Your assignment
This exercise requires an exact output of the listing, images omitted.

---------- Data section

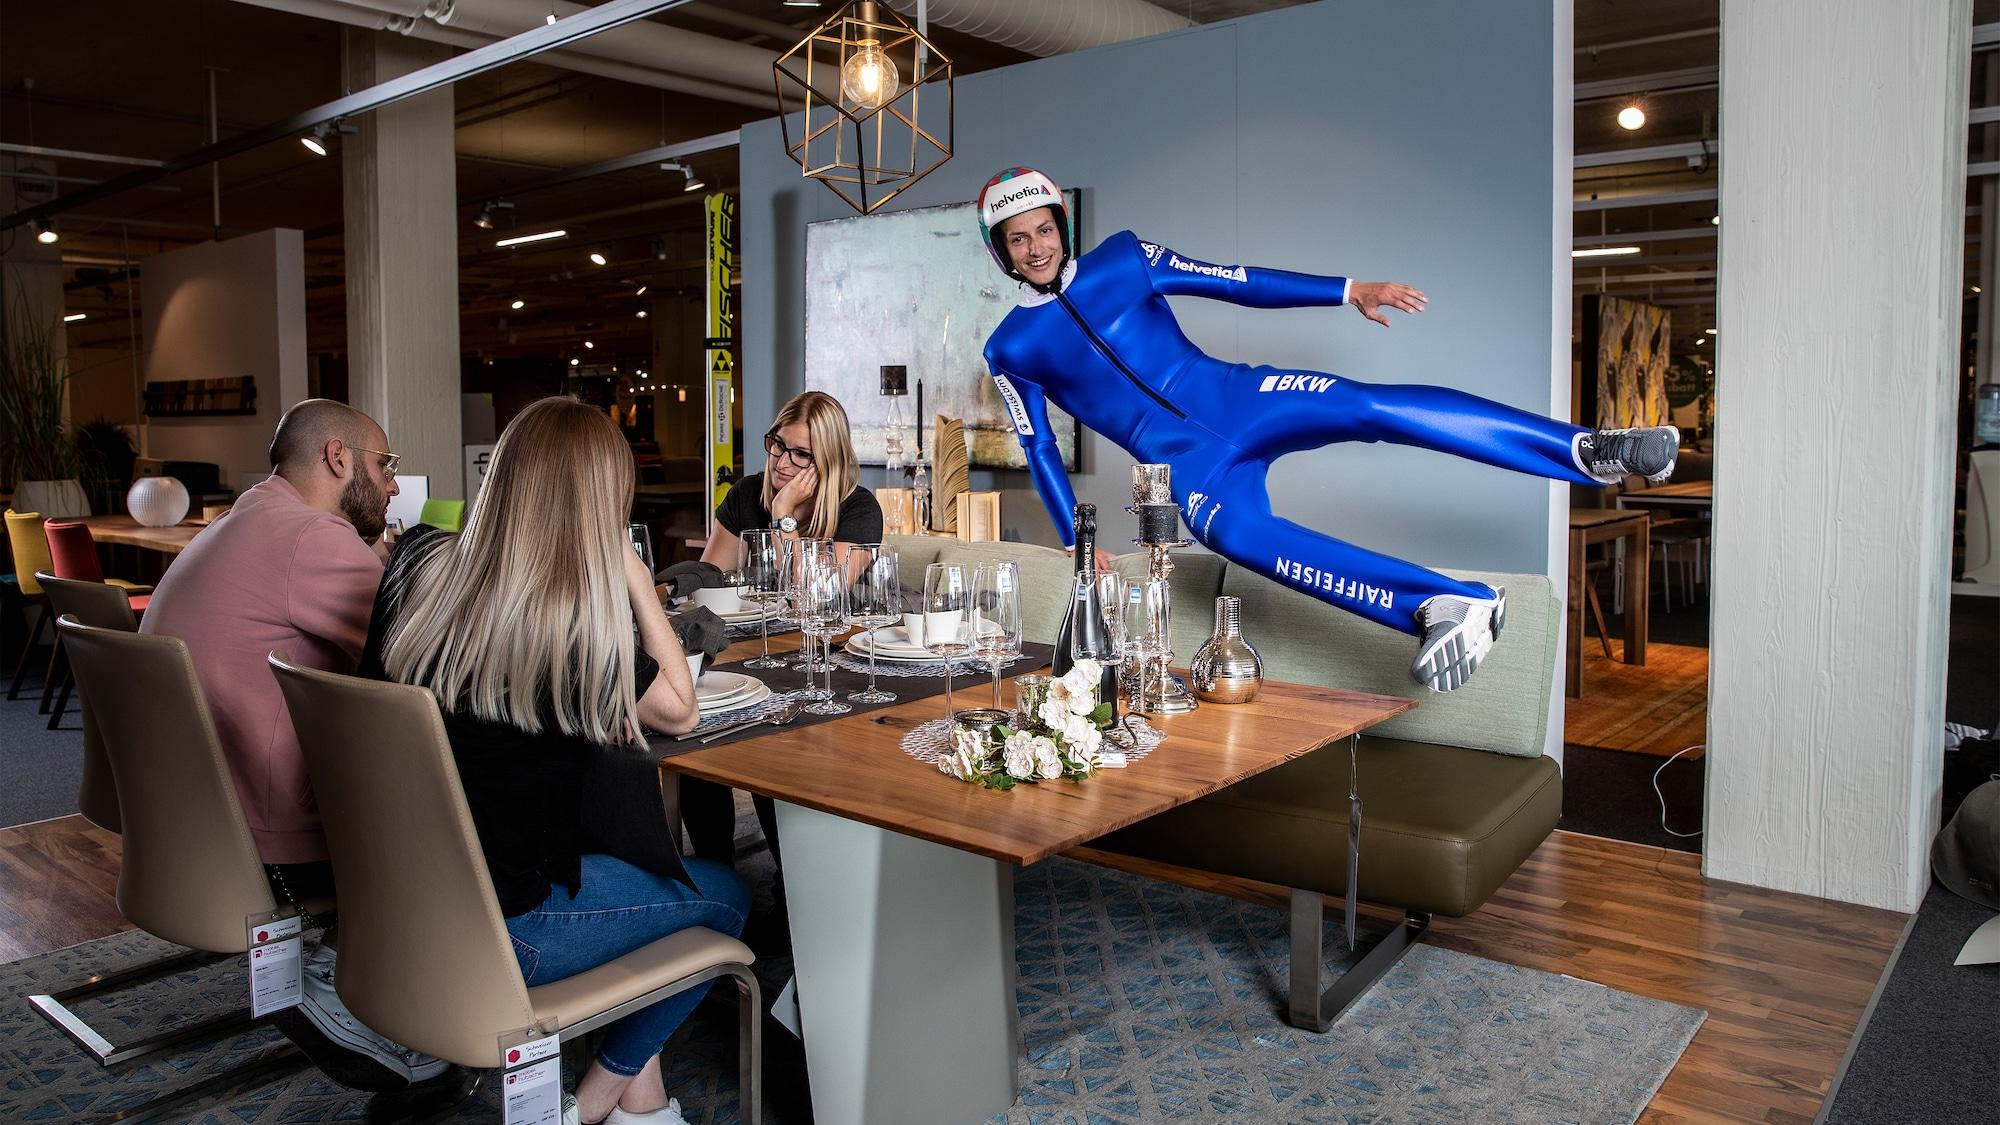 Sportfloskeln im wahren Leben: Skispringer Deschwanden ist zu spät am Tisch
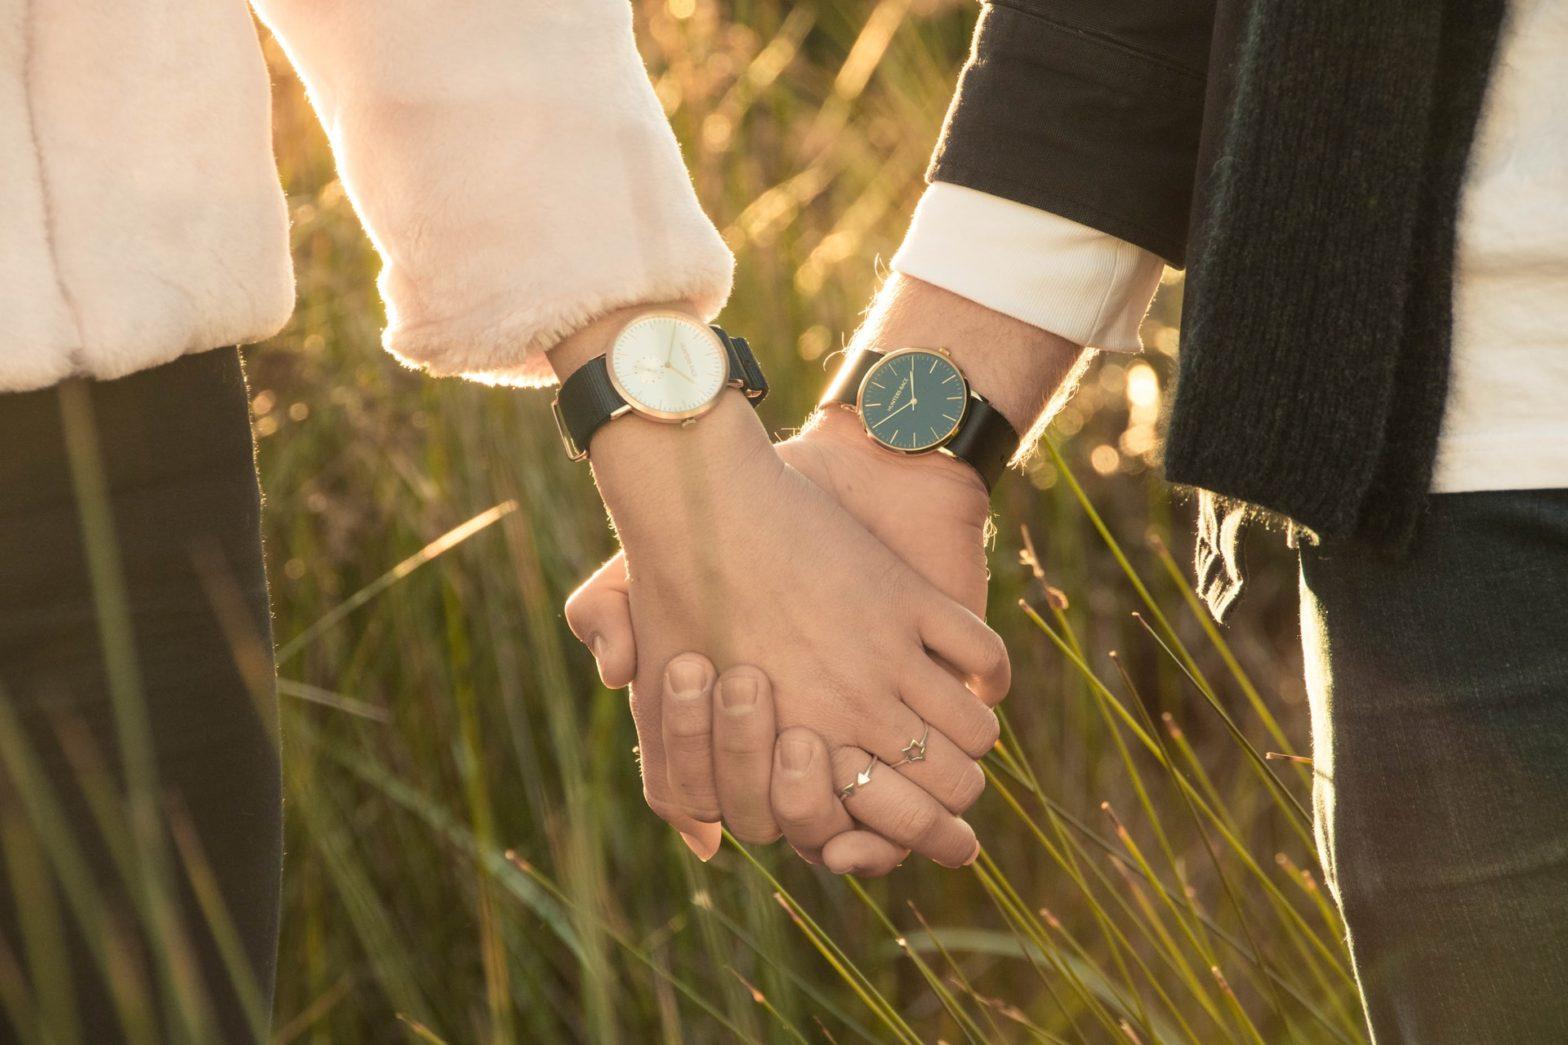 7 Best Men's Timepieces By Oris In 2021
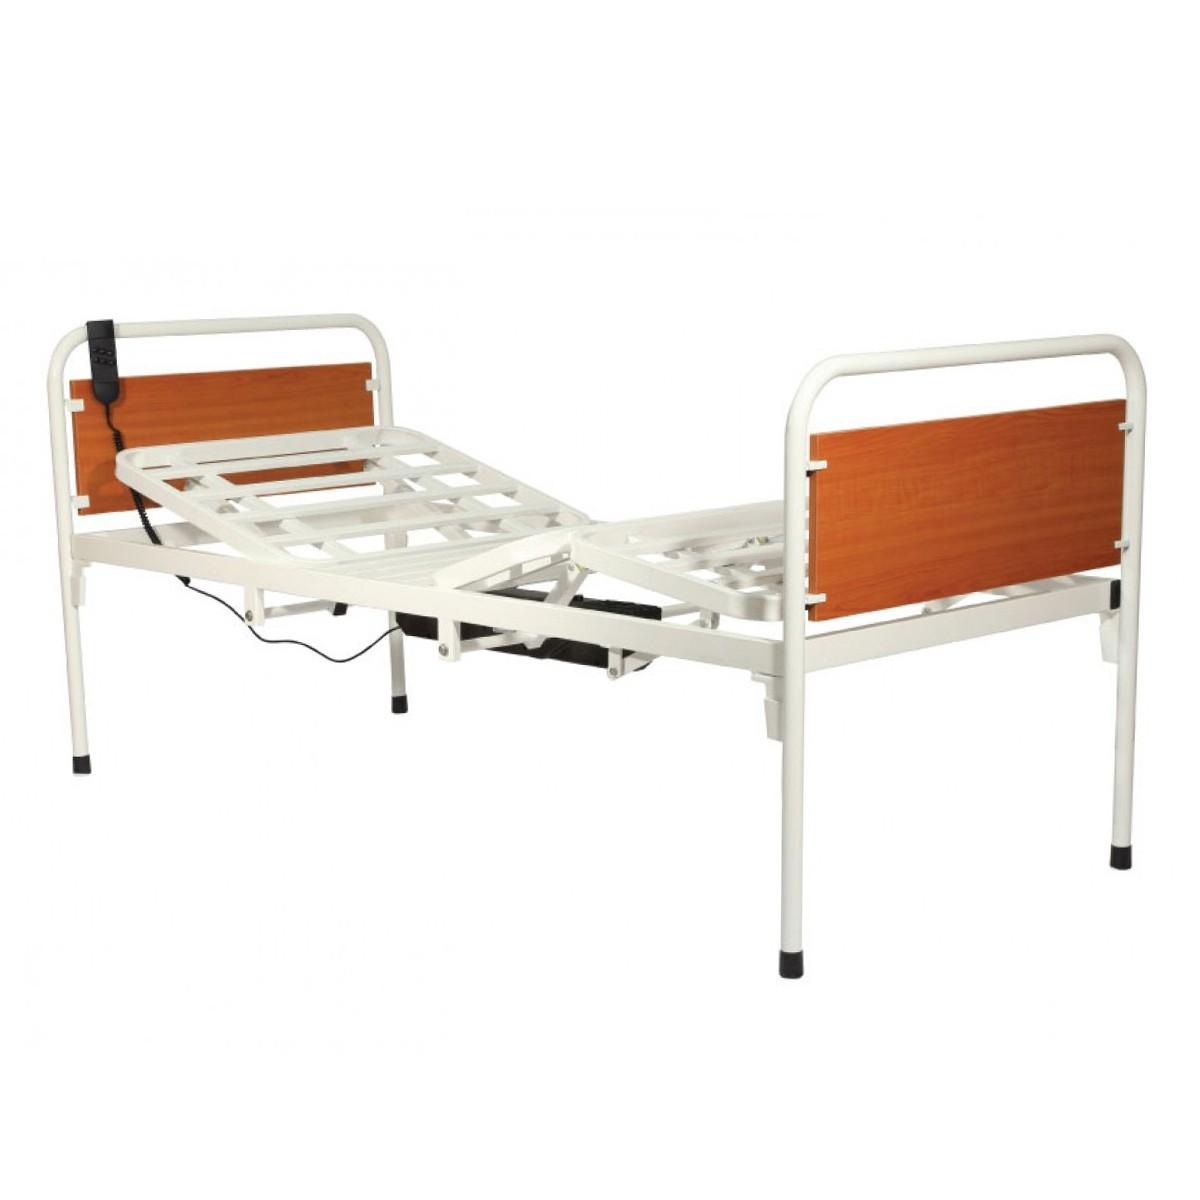 Letto elettrico per disabili a 3 snodi Termigea L9
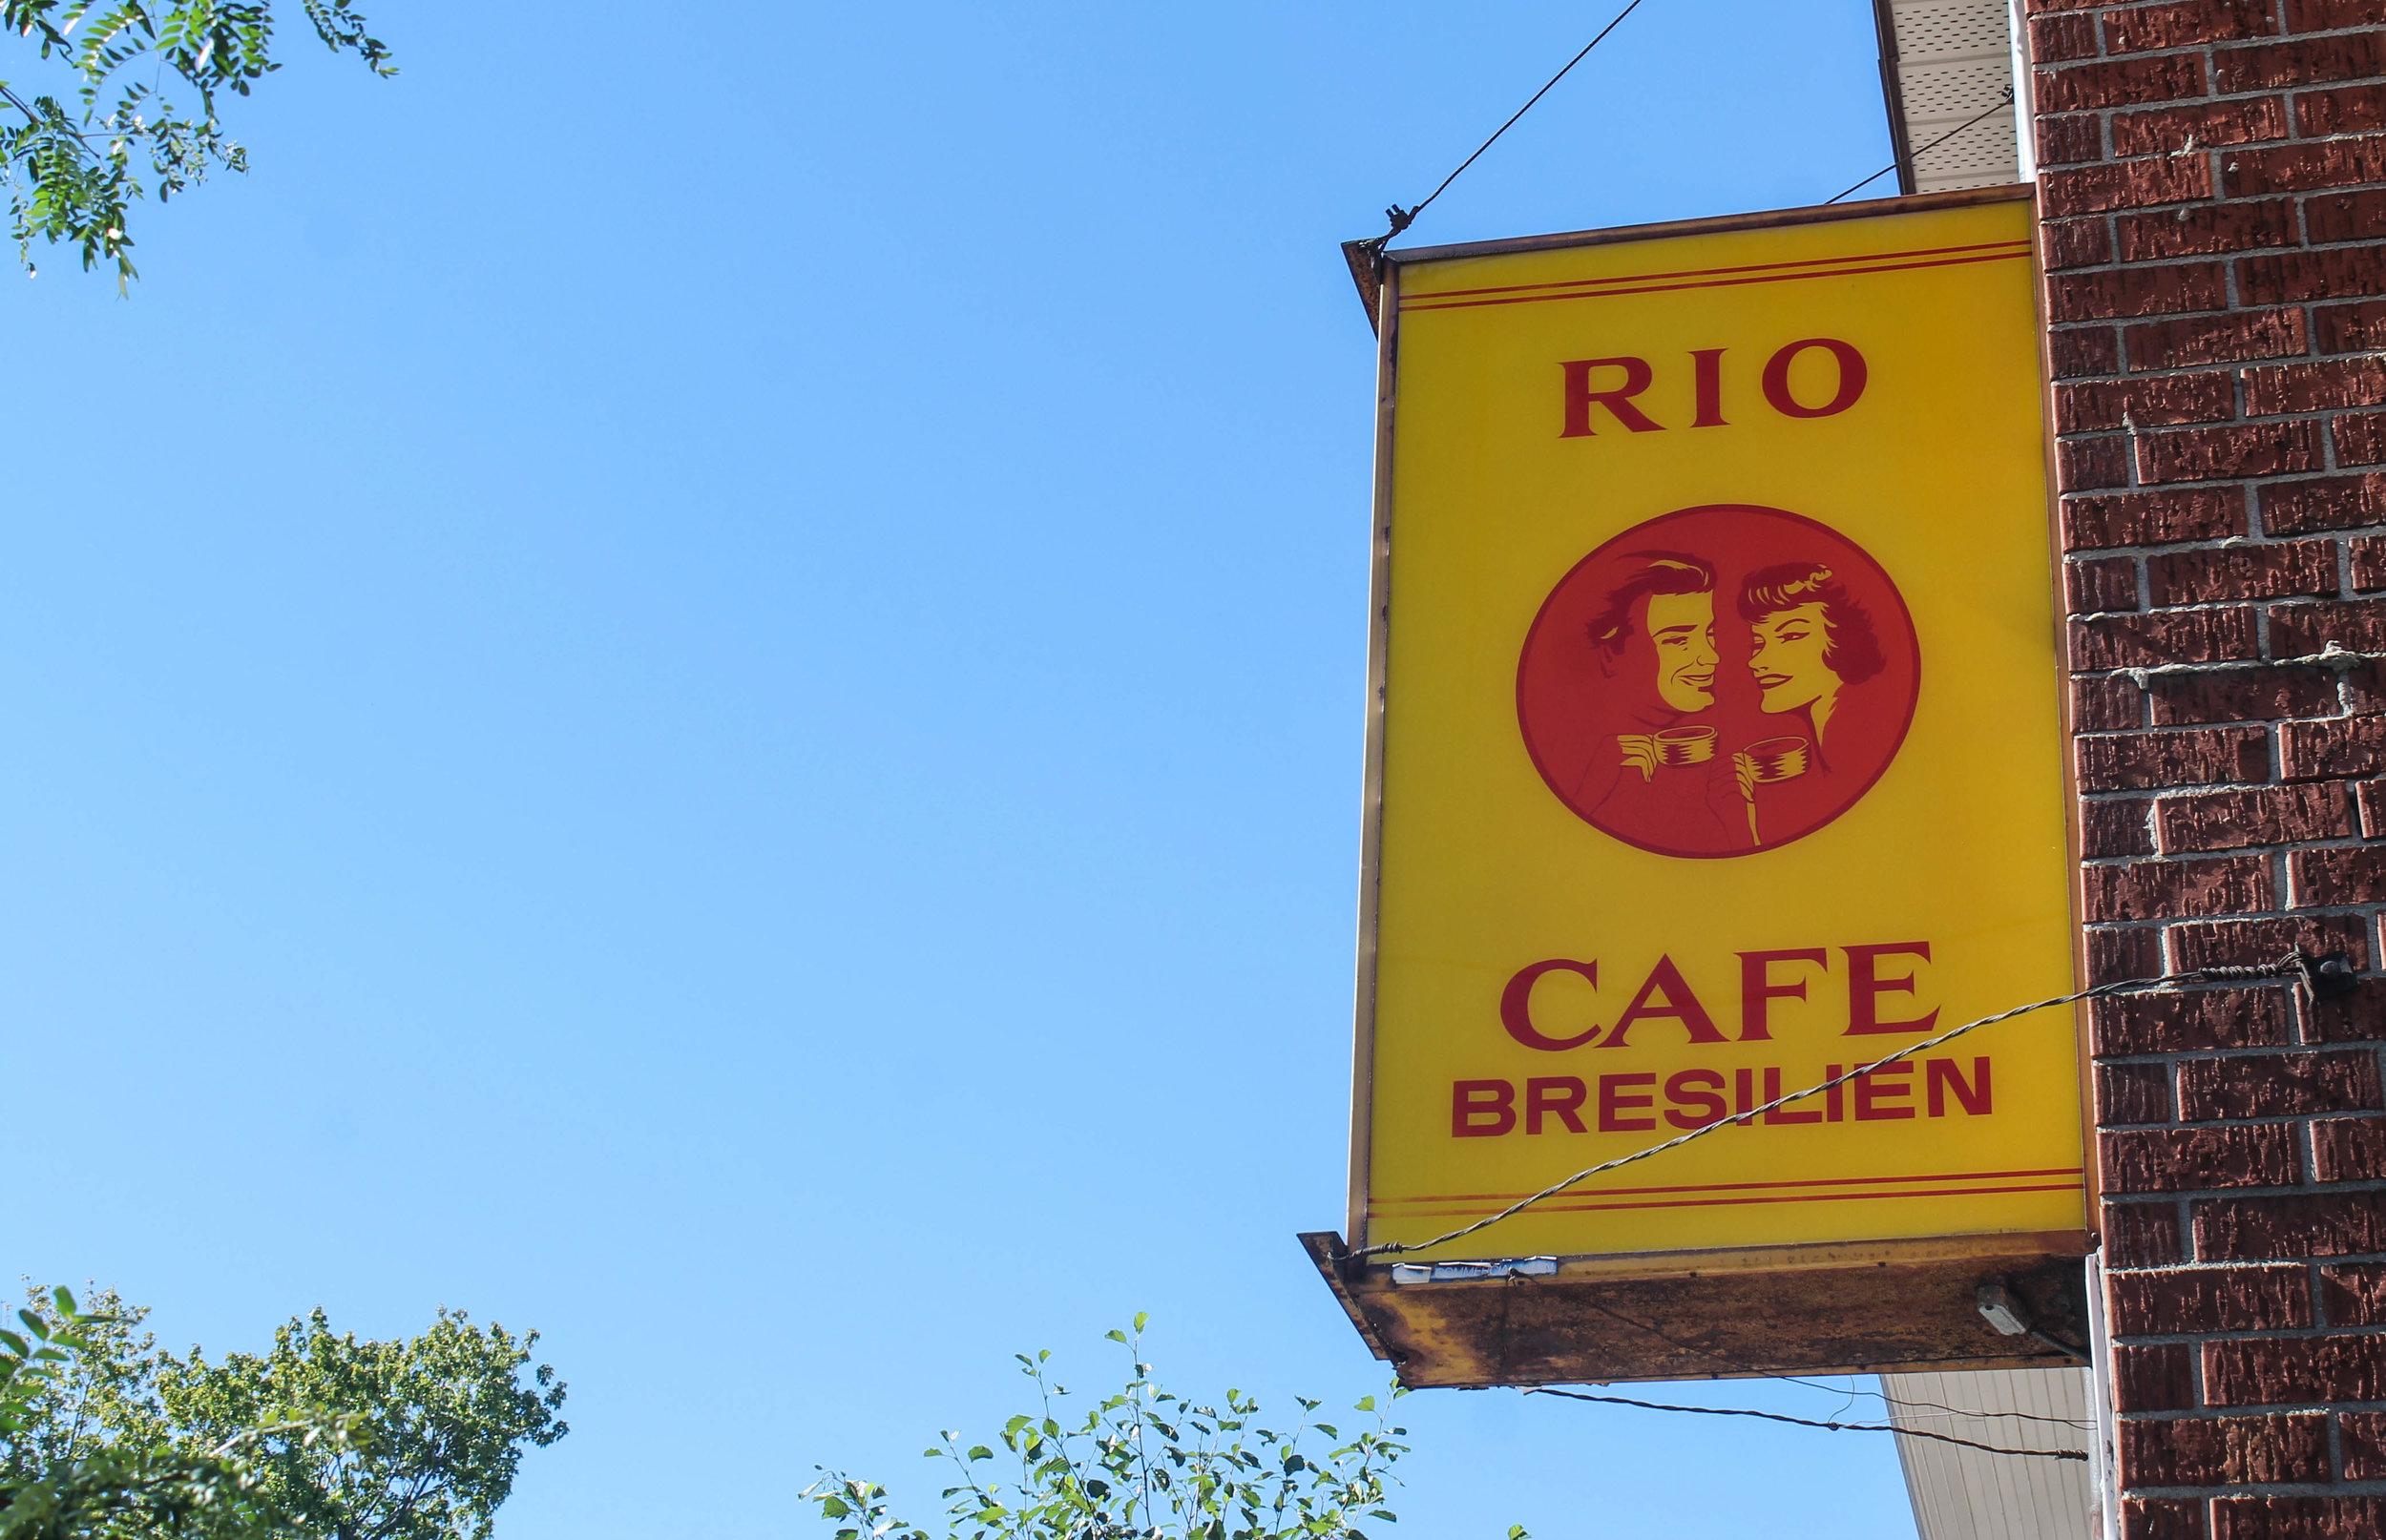 rio-cafe-bresilien

--------------------

Problem solution
 Sportfloskeln im wahren Leben: Skispringer Deschwanden ist zu spät am Tisch
 7 Best Men's Timepieces By Oris In 2021
 Letto elettrico per disabili a 3 snodi Termigea L9
 rio-cafe-bresilien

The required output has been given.